AZD2014 Inhibits DC Generation from BM and both DC and T Cell Responses to Stimulation

We next examined the influence of AZD2014 on DC differentiation from BM. DC were generated with GM-CSF and IL-4 in the presence of either AZD2014, RAPA or no drug at concentrations shown to inhibit mTOR signaling. Both agents markedly reduced the yield of DC that could be harvested on 7 day of culture (Figure 1B). Coregulatory molecule (CD86 and B7-H1=programed death ligand 1 [PD-L1]) expression (mean fluorescence intensity; MFI) by these DC was diminished (although CD86 not significantly) compared with that by cells harvested from control cultures and was similarly diminished following LPS stimulation (Figure 1C). Both AZD2014 and RAPA also inhibited the proliferation of αCD3/CD28-stimulated CD4+ and CD8+ T cells when added at the start of 3-day cultures (Figure 1D).

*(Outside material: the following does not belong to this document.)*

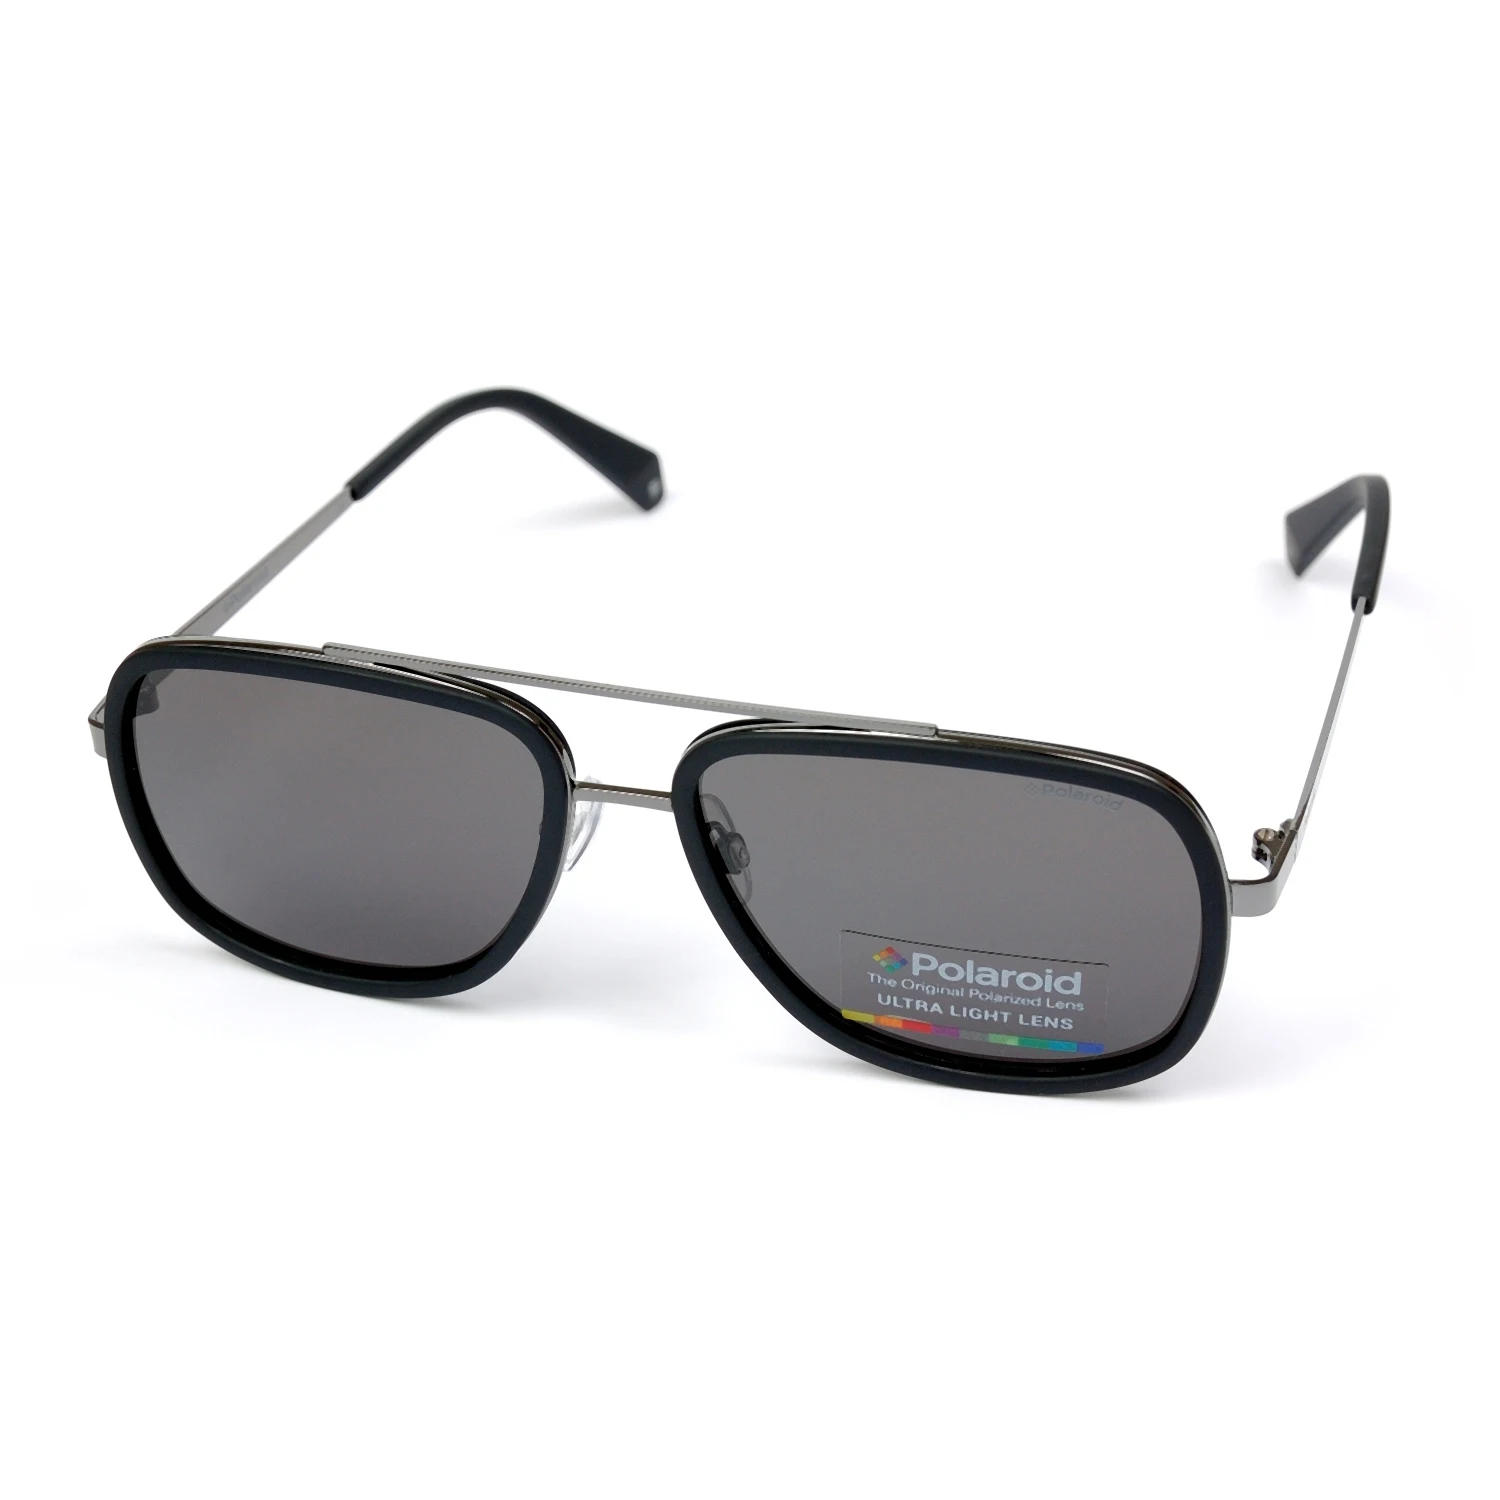 Солнцезащитные очки Polaroid солнечные PLD 6033.S.807.M9|Мужские солнцезащитные очки| |

With respect to both DC differentiation and maturation and T cell proliferative responses RAPA, used at a concentration 40 times lower, was more potent than AZD2014 in achieving these inhibitory effects.

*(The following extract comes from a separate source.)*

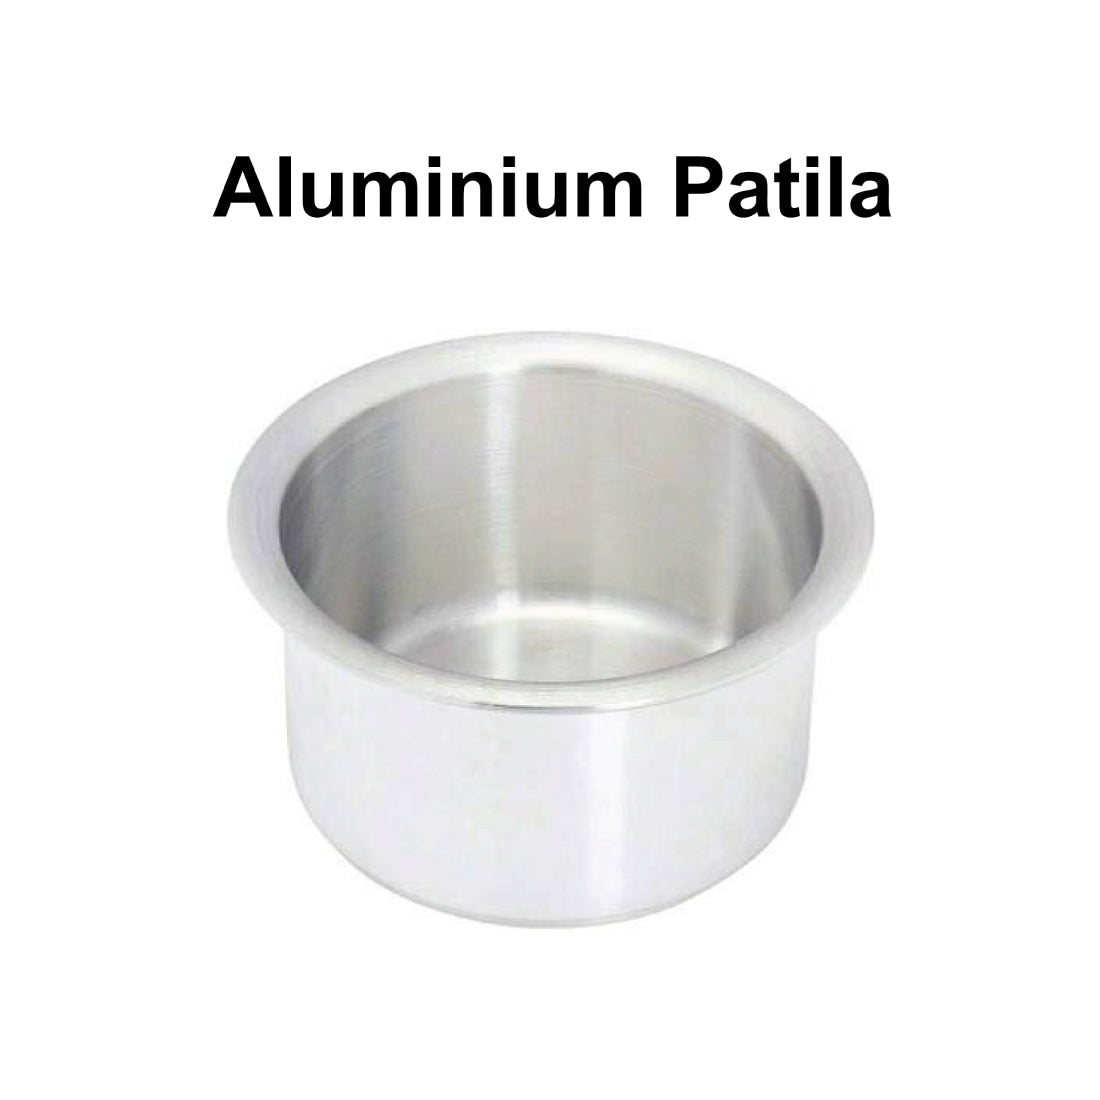 Aluminium Patila

AZD2014 Administration Markedly Reduces Thymocyte Populations, but Enhances the Incidence of Thymic Treg

Naïve B6 mice were injected with either vehicle control, RAPA or AZD2014 for 9 days. As documented previously for RAPA,29 AZD2014 exerted profound effects on the thymus (Figure 2). Thymic size, architecture and cellularity were all altered significantly by AZD2014 (Figure 2A-D). While T cell subsets (CD4+CD8, CD4CD8+, CD4+CD8+ cells and CD4+CD25+Foxp3+ Treg) were all reduced by AZD2014 administration, the percentage of Treg within the CD4 compartment was increased significantly by either AZD2014 or RAPA (Figure 2E-H). Thus, as has been described for RAPA,30,31 dual mTORC1/2 inhibition with AZD2014 enriched for thymic Treg, indicating that these cells were more resistant to AZD2014 than effector T cells.

Figure 2.

Figure 2

AZD2014 administration induces thymocyte depletion and enriches for thymic Treg. AZD2014 (AZD; 10mg/kg bid i.p.), RAPA (1mg/kg i.p.) or drug vehicle was administered daily for 9 days to naïve B6 mice. Thereafter, the mice were euthanized, thymi excised, weighed and processed for histology, or total thymocytes isolated, counted and analyzed by mAb staining and flow cytometry. (A) and (B) Both AZD2014 and RAPA induced marked thymic involution with profound cortical and medullary atrophy. (C) The total number of thymocytes as well as (D) double-positive (CD4+CD8+) T cells and (E) and (F), single positive CD4+ and CD8+ T cells were markedly depleted by both AZD2014 or RAPA. (G) Although the incidence of Treg (CD4+CD25+Foxp3+) increased significantly in thymi of both AZD2014- and RAPA-treated mice (H) the absolute number of Treg diminished in these groups. Data are from 3 animals per condition. *p<0.05; **p<0.01; ***p<0.001; ****p<0.0001.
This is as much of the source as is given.